My point: It’s hard to tell a story without words. The visuals do a lot of the work in storytelling, but rarely can they carry the full weight of the story without help.

When we add motion, however, some of our reliance on words can be eliminated.

I was thinking about this last night as I watched Martin Scorsese’s The Departed. The early scenes are so short, with so few words — it’s the kind of opening that leaves you totally lost when you’re a kid. (You ask your parents, “What’s happening?” and they say “Shh!”) But as you learn the grammar of film, you get more out of such terse scenes.

Then I went back to the list of seven visualization types (sketches, diagrams, images, maps, objects, interactive visualizations, stories) and started mulling over each one of them. I was thinking, for example, “When is an interactive visualization not a story?” I was thinking, “Doesn’t a diagram tell a story?”

That’s when I arrived at this idea about completeness, or fullness, of a story. Go back to a single photograph, alone on a wall, without any caption. There’s probably a story there. But I don’t know what it is.

This brings me to maps. A map alone doesn’t tell a story. Some words are needed. But an animated map can tell a story — with very few words, or maybe no words at all.

A chart or graph can tell a story with very few words. An animated graphic can sometimes tell the story more effectively. Why? It leads you through a sequence of events (Update: That link needed to be replaced). It begins with a small amount of information and builds on that. It can end with an obvious climactic event (such as a steep plunge in the stock market, or a large increase in toxic gases) that illustrates a result, a conclusion. (Learn more from one of the great online infografistas, Alberto Cairo, in an OJR interview.)

I arrived at some questions we can ask when we are planning to tell a story:

  1. Can I use any kind of images or graphics to tell this story?
  2. Can motion help tell this story?
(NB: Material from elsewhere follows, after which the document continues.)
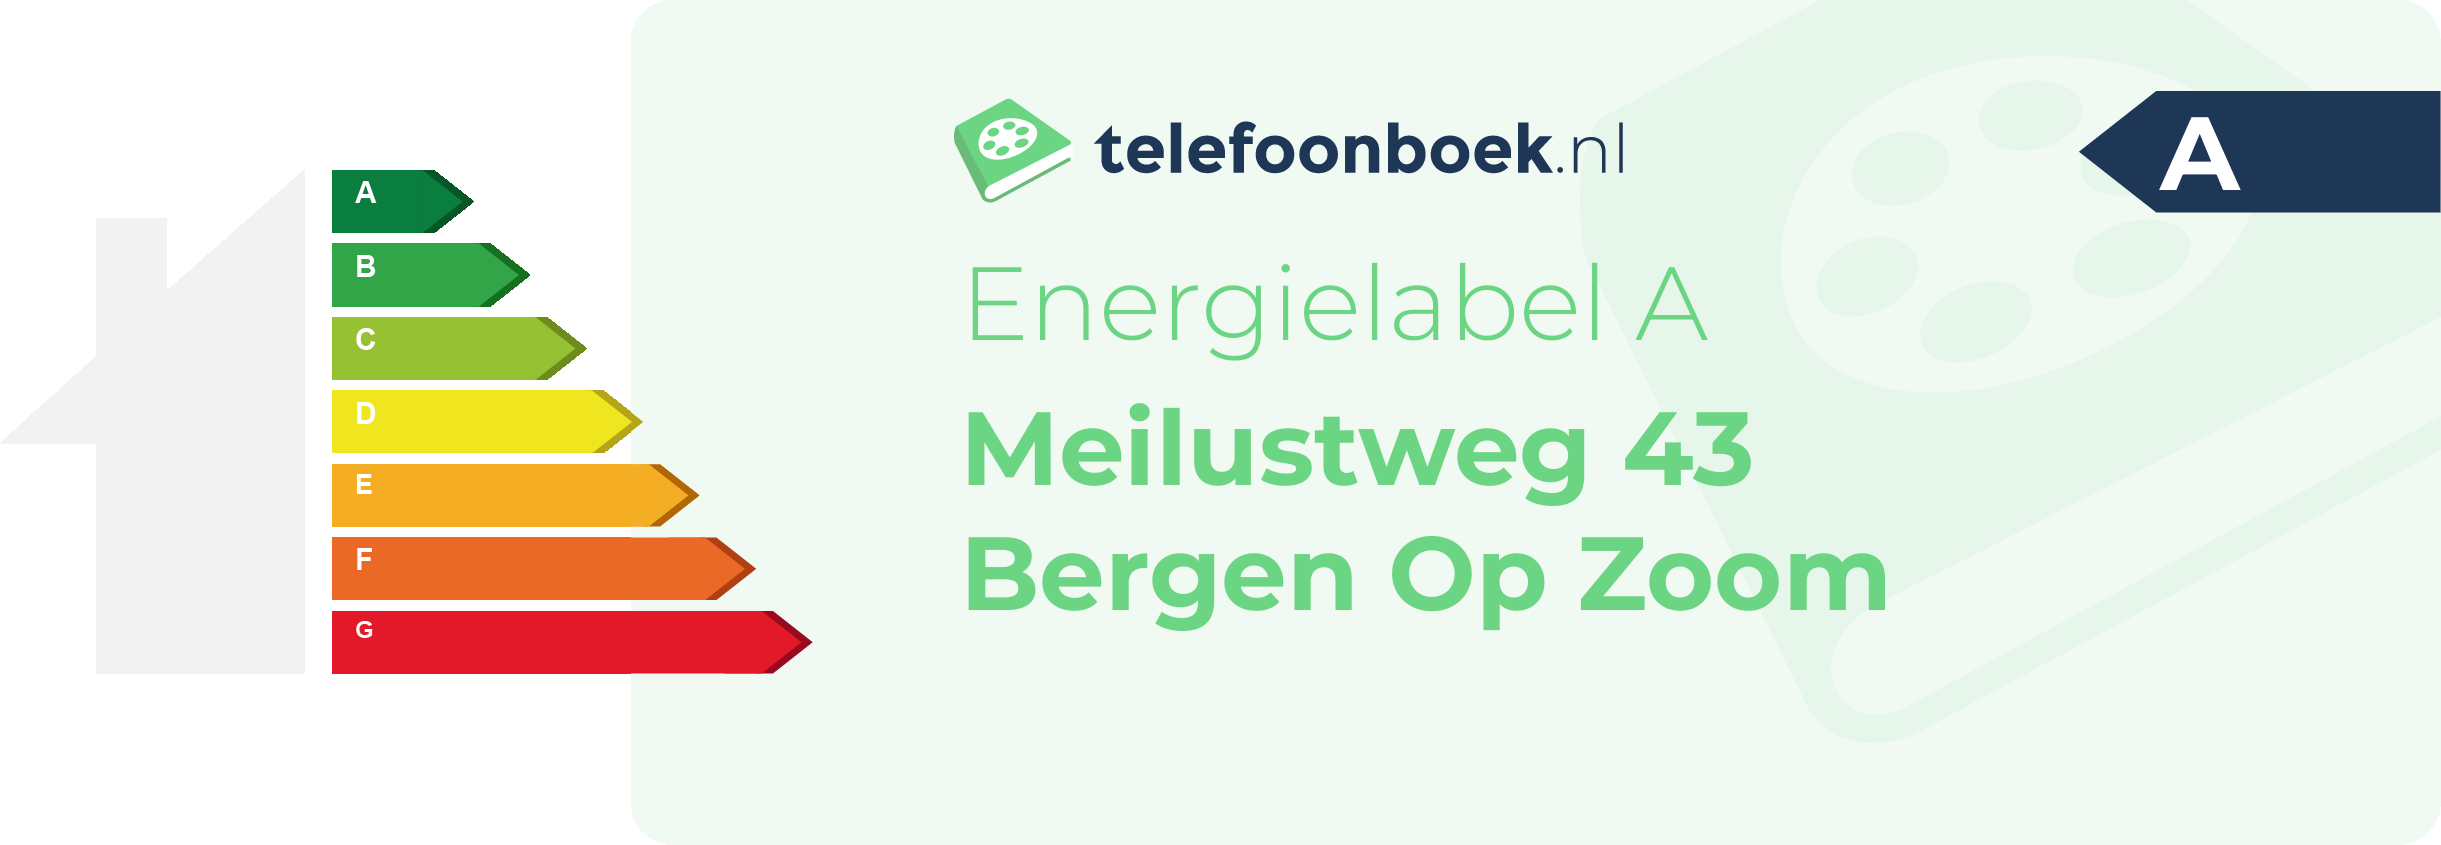 Energielabel Meilustweg 43 Bergen Op Zoom

Does any kind of motion — in space, or in time — play a part in the story?
  3. How many words are really necessary? (Let’s cut out as many words as possible without losing clarity.)

Do not underestimate the role of motion in visual storytelling. Do not overestimate the role of words, whether in text or in audio.

Let’s work on editing our multimedia the way we edit a text story: Omit unnecessary words. Get to the point. If establishing a mood or a scene helps advance the story, then do it. Anything that doesn’t contribute to the actual story you’re telling right now — cut it out.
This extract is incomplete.